WHAT TO DO —
Reproduce each line below precisely. Drop the pictures.

INPUT DATA —
____

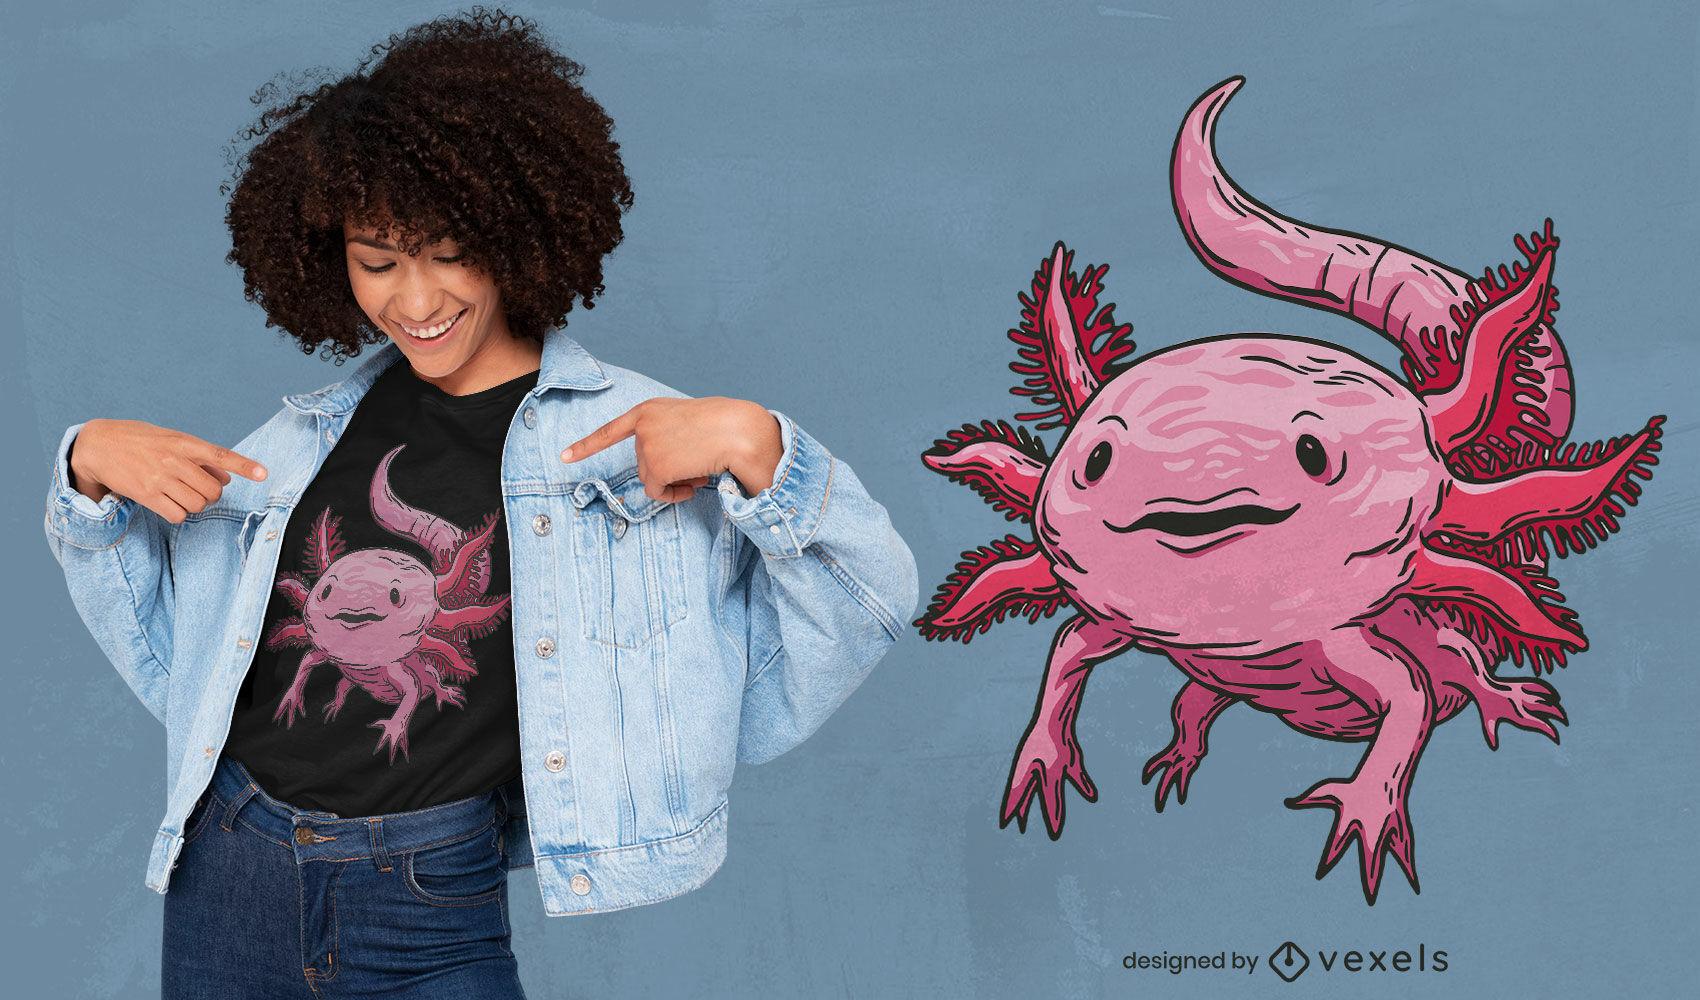 Realistic pink axolotl t-shirt design
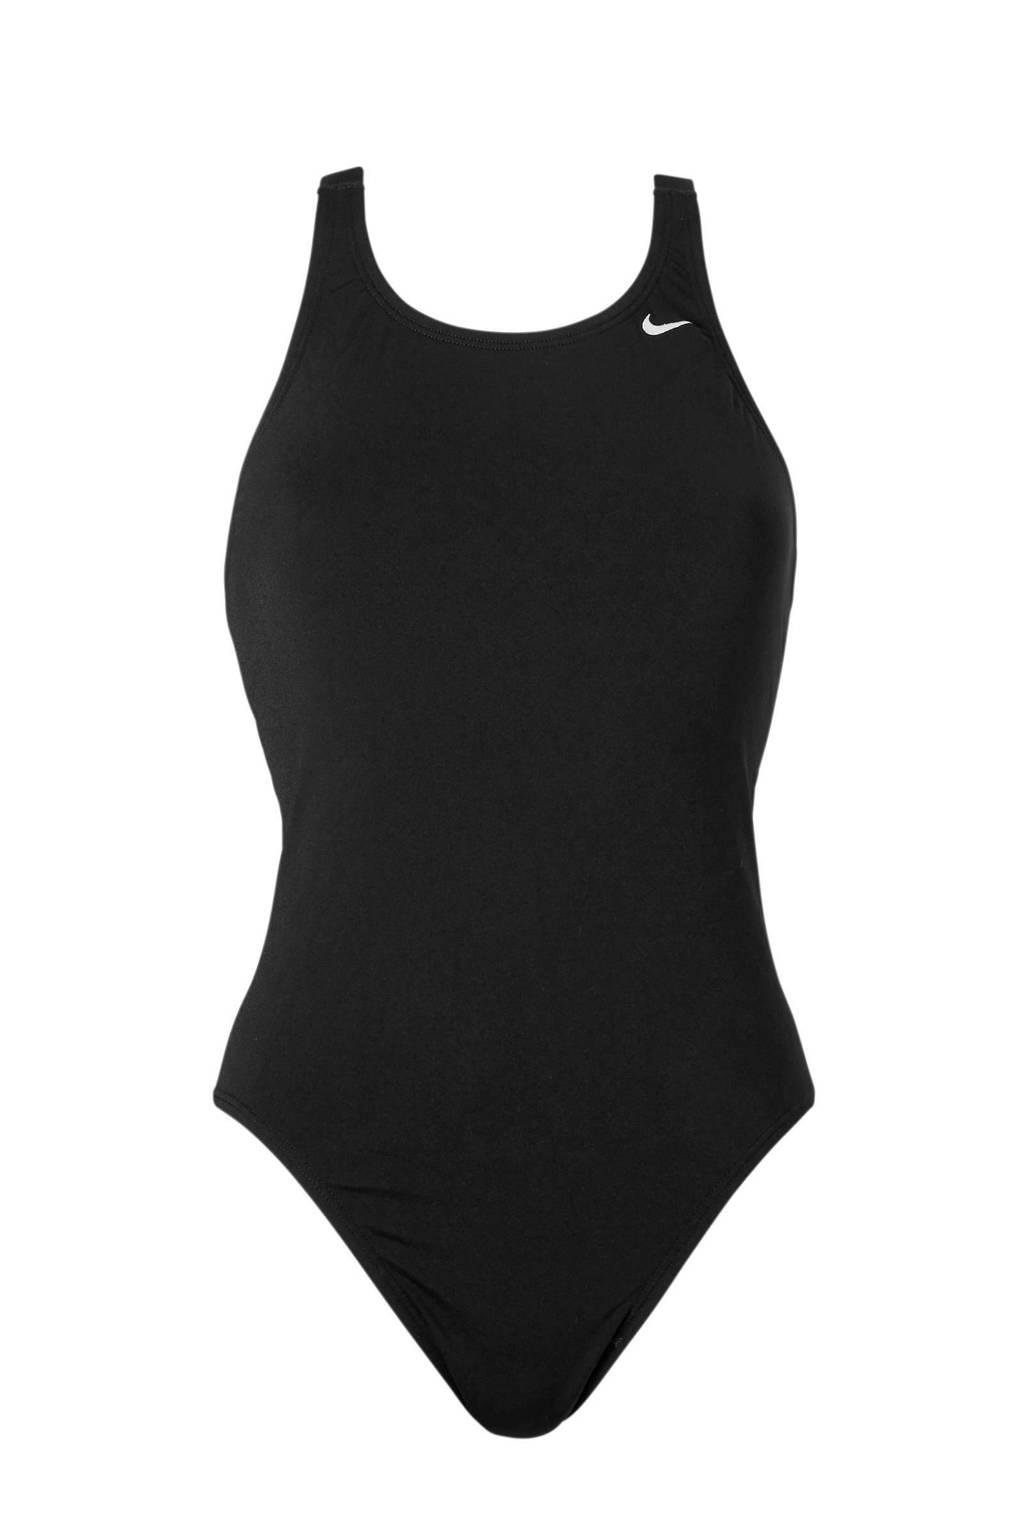 Nike sportbadpak, Zwart
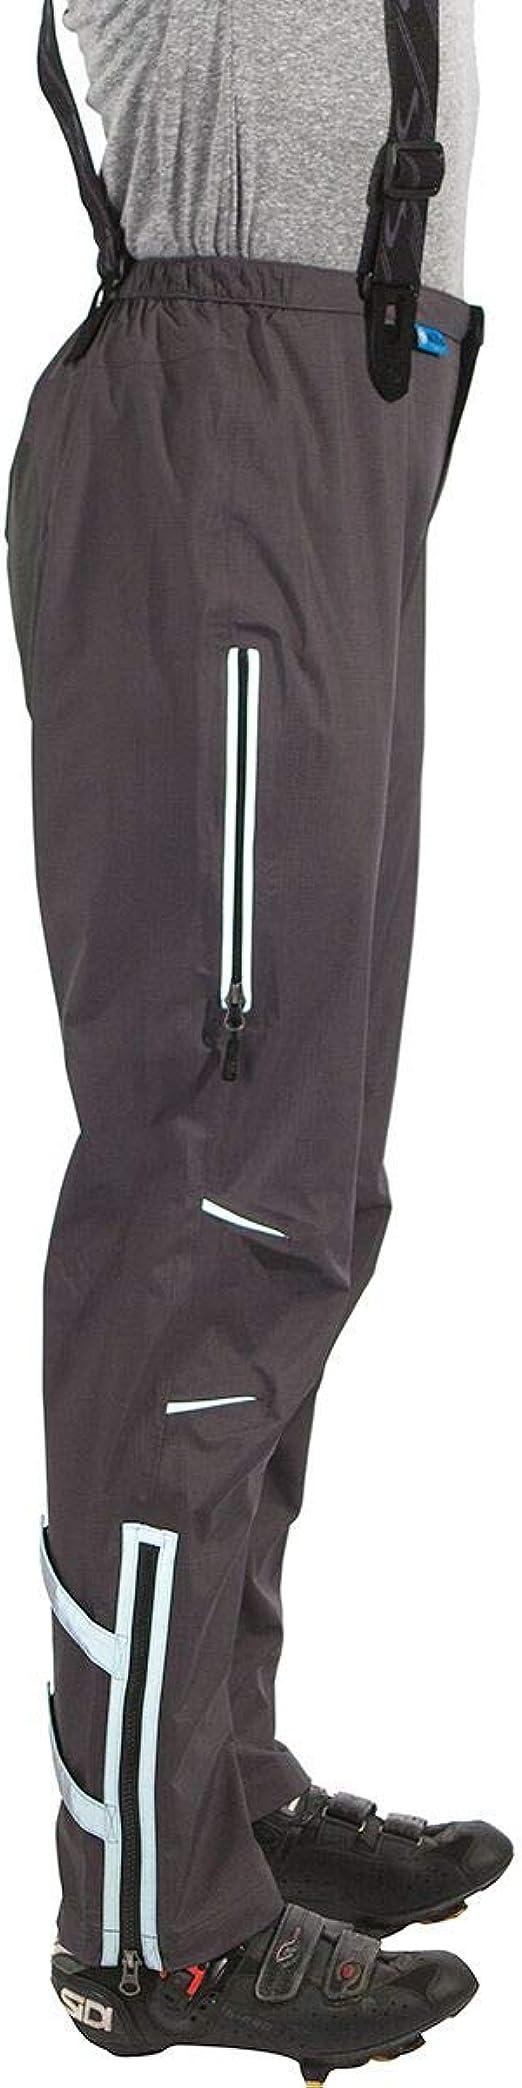 Amazon Com Showers Pass Refuge Pant Pantalones De Esqui Para Mujer Clothing
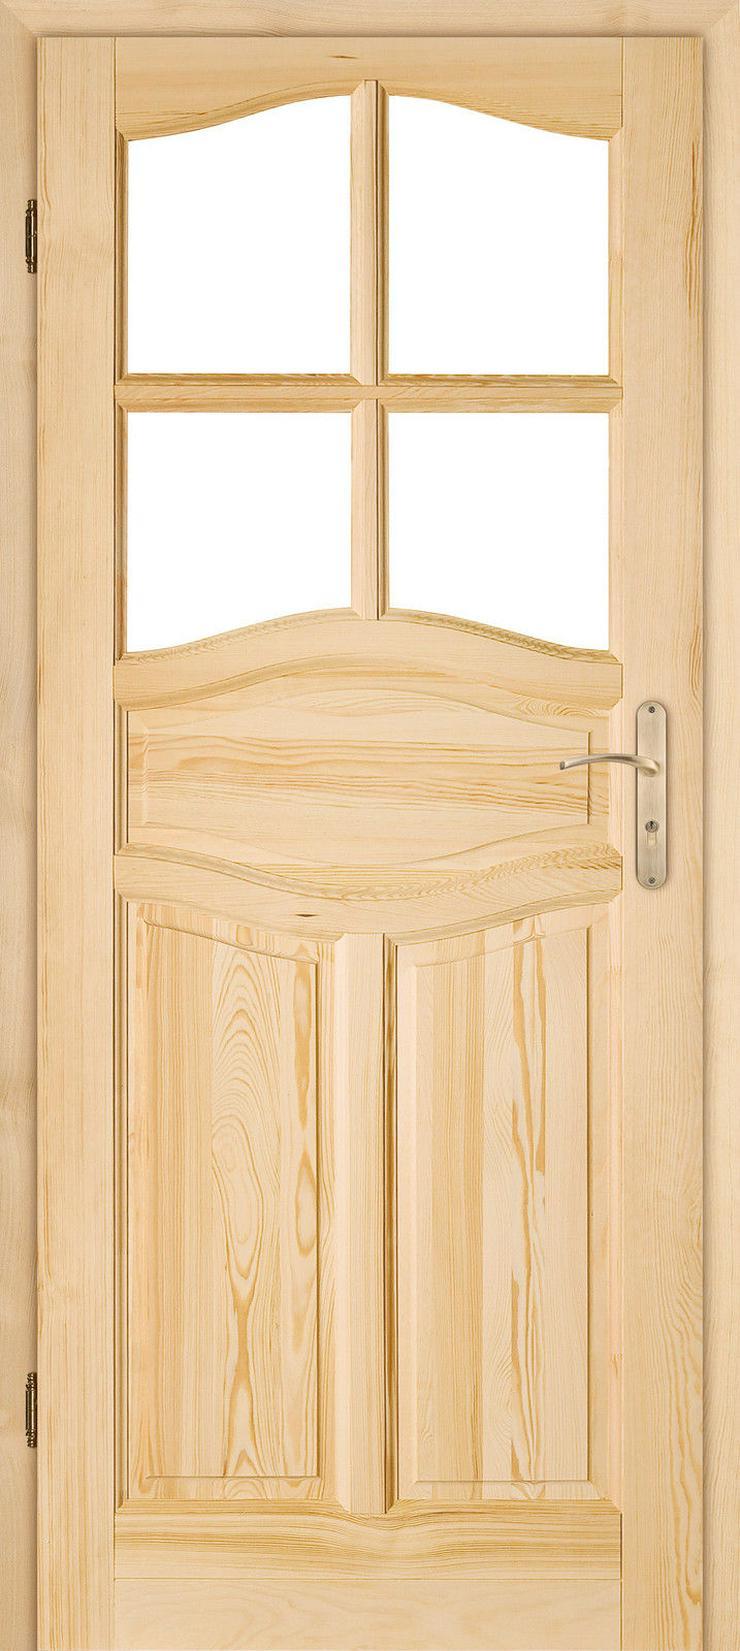 Bild 5: Holztür Delfino Schiebetür Zimmertür Innentür Kiefer Durchgangstür 60/70/80/90

____

RESULT FOR THIS TASK —
 Realistic pink axolotl t-shirt design
 Nike sportbadpak, Zwart
 Amazon Com Showers Pass Refuge Pant Pantalones De Esqui Para Mujer Clothing
 Bild 5: Holztür Delfino Schiebetür Zimmertür Innentür Kiefer Durchgangstür 60/70/80/90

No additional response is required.